By eye, it is relatively easy to pick out the four clusters.
The *k*-means algorithm does this automatically, and in Scikit-Learn uses the typical estimator API:

In [None]:
from sklearn.cluster import KMeans
kmeans = KMeans(n_clusters=4)
kmeans.fit(X)
y_kmeans = kmeans.predict(X)

Let's visualize the results by plotting the data colored by these labels.
We will also plot the cluster centers as determined by the *k*-means estimator:

In [None]:
plt.scatter(X[:, 0], X[:, 1], c=y_kmeans, s=50, cmap='viridis')

centers = kmeans.cluster_centers_
plt.scatter(centers[:, 0], centers[:, 1], c='black', s=200, alpha=0.5);

The good news is that the *k*-means algorithm (at least in this simple case) assigns the points to clusters very similarly to how we might assign them by eye.
But you might wonder how this algorithm finds these clusters so quickly! After all, the number of possible combinations of cluster assignments is exponential in the number of data points—an exhaustive search would be very, very costly.
Fortunately for us, such an exhaustive search is not necessary: instead, the typical approach to *k*-means involves an intuitive iterative approach known as *expectation–maximization*.

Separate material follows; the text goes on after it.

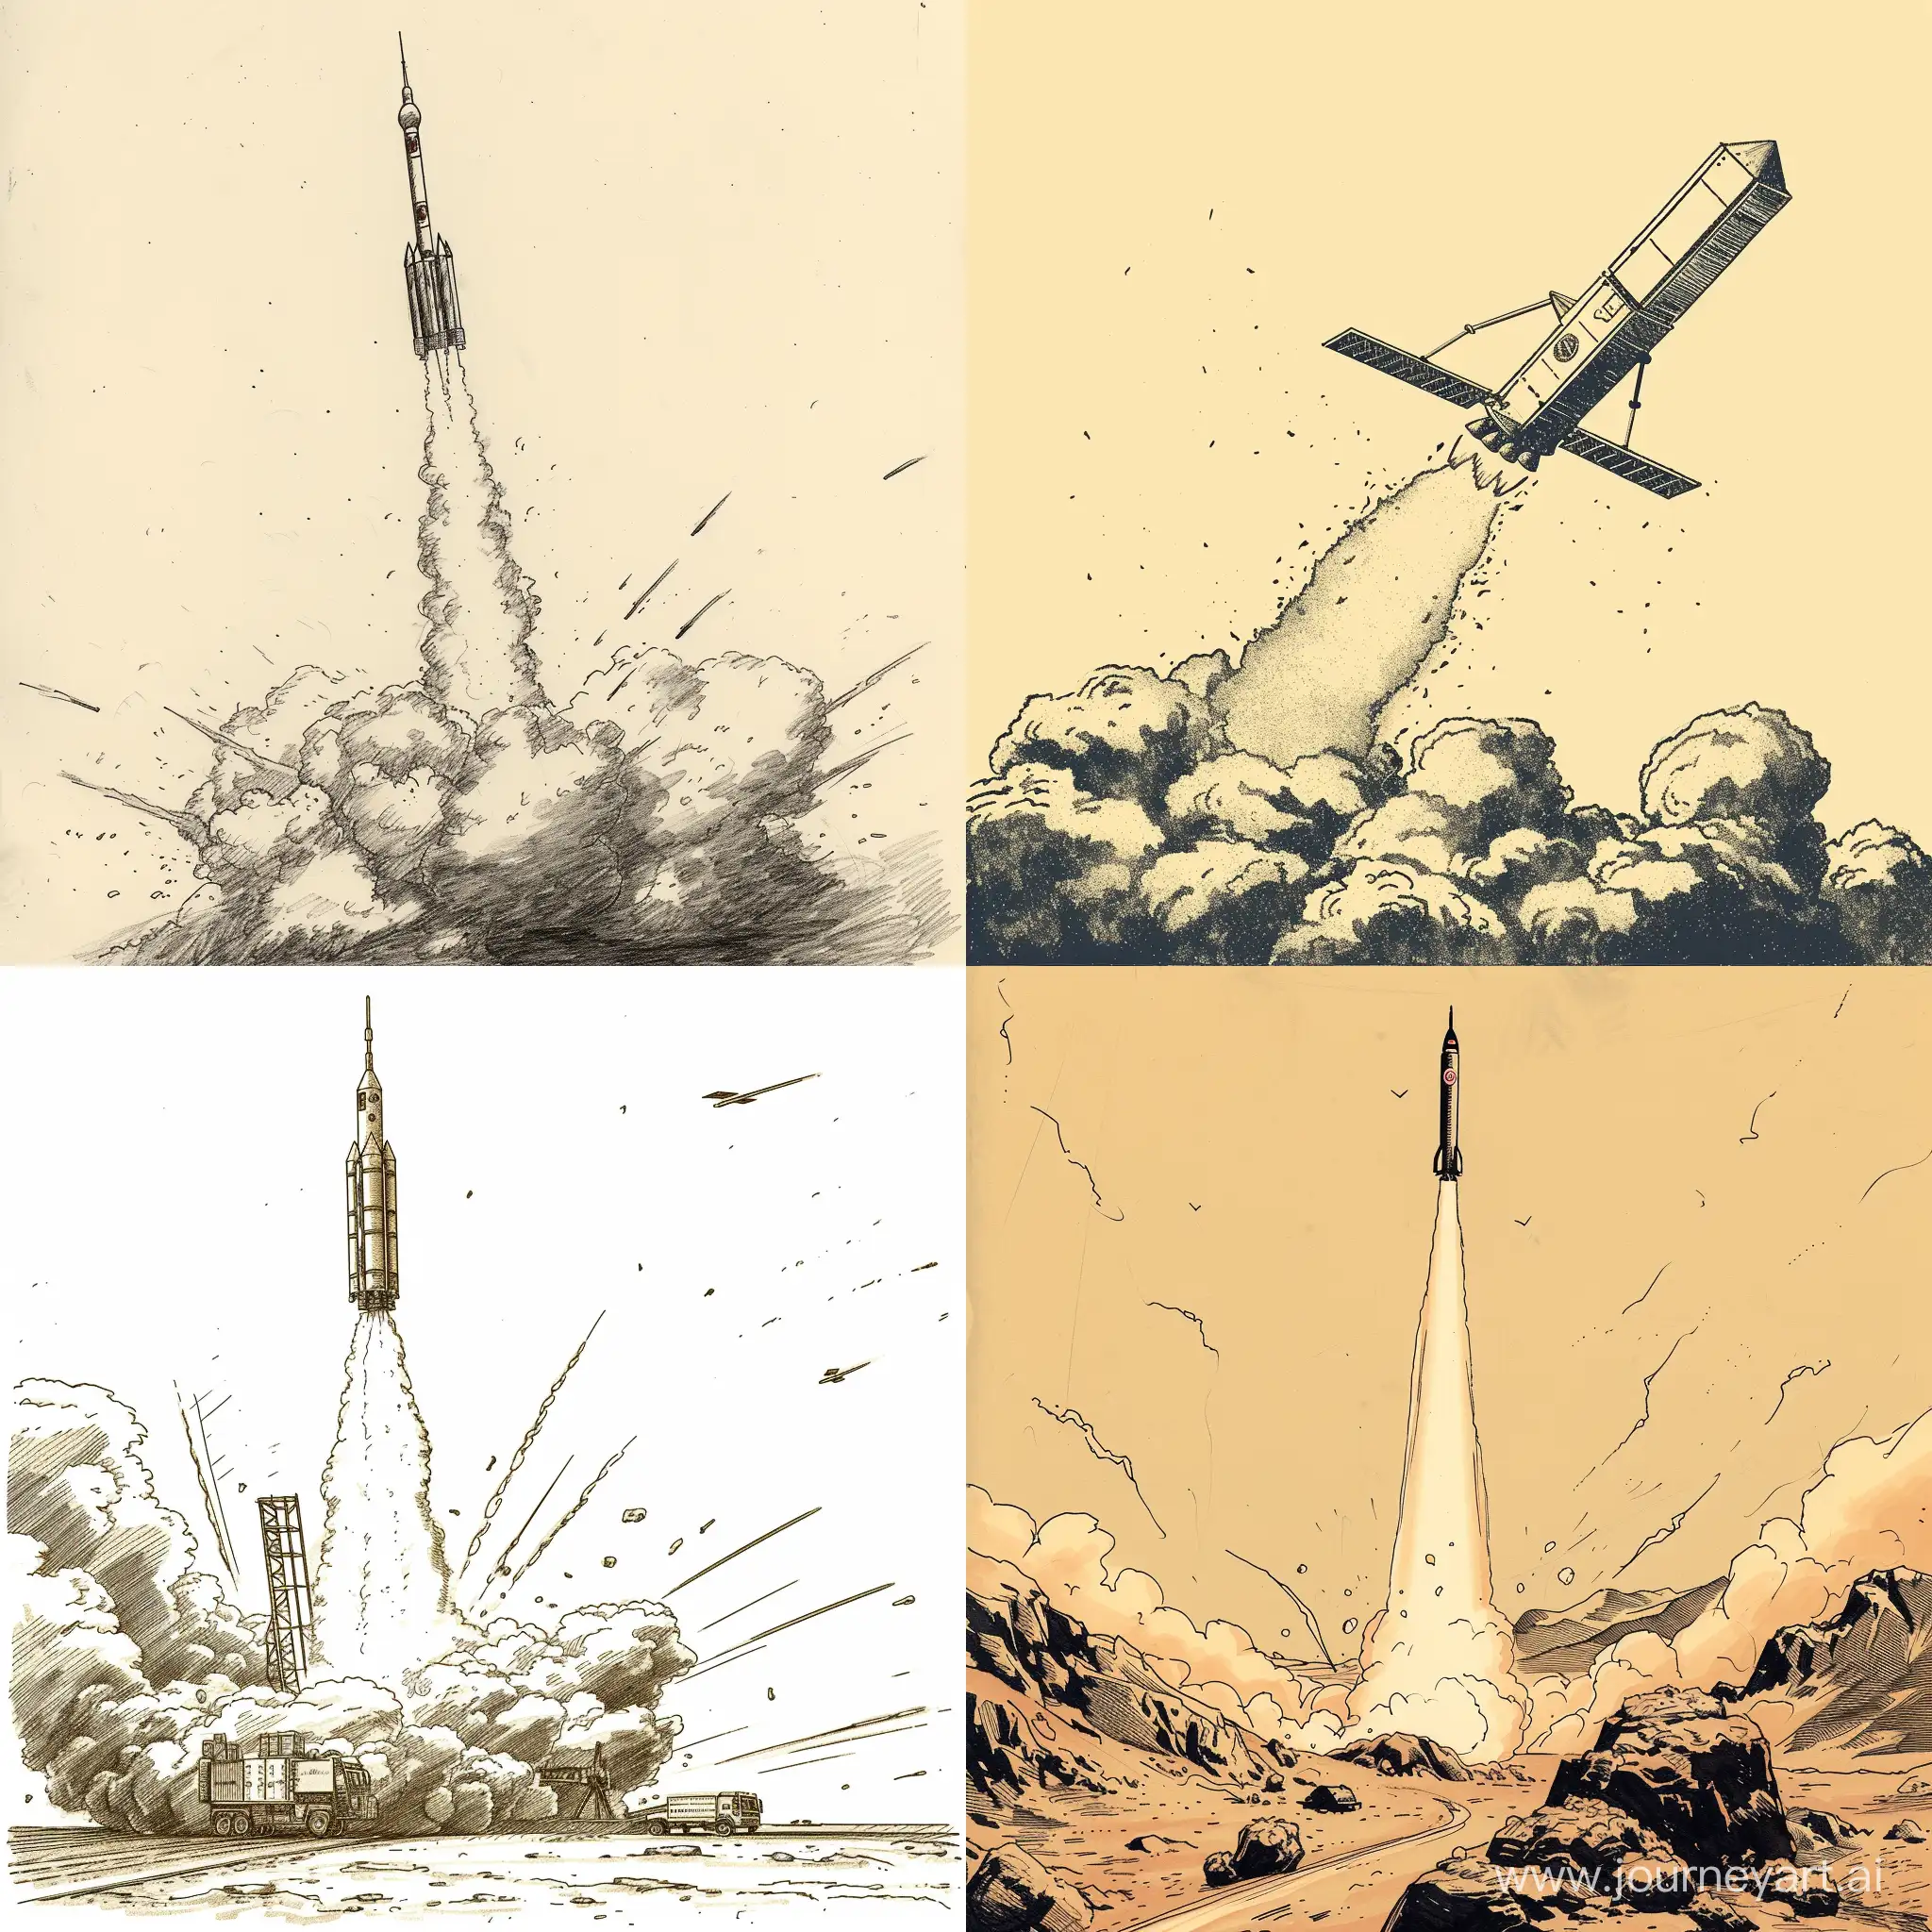 Iranian-Satellite-Launch-Striking-Image-of-Space-Exploration

## k-Means Algorithm: Expectation–Maximization

Expectation–maximization (E–M) is a powerful algorithm that comes up in a variety of contexts within data science.
*k*-means is a particularly simple and easy-to-understand application of the algorithm, and we will walk through it briefly here.
In short, the expectation–maximization approach here consists of the following procedure:

1. Guess some cluster centers
2. Repeat until converged
   1. *E-Step*: assign points to the nearest cluster center
   2. *M-Step*: set the cluster centers to the mean 

Here the "E-step" or "Expectation step" is so-named because it involves updating our expectation of which cluster each point belongs to.
The "M-step" or "Maximization step" is so-named because it involves maximizing some fitness function that defines the location of the cluster centers—in this case, that maximization is accomplished by taking a simple mean of the data in each cluster.

The literature about this algorithm is vast, but can be summarized as follows: under typical circumstances, each repetition of the E-step and M-step will always result in a better estimate of the cluster characteristics.

The algorithm terminates when the newly computed cluster centers no longer move. 

We can visualize the algorithm as shown in the following figure.
For the particular initialization shown here, the clusters converge in just three iterations.

![image.png](attachment:image.png)

We will now write our own code to do k-means clustering.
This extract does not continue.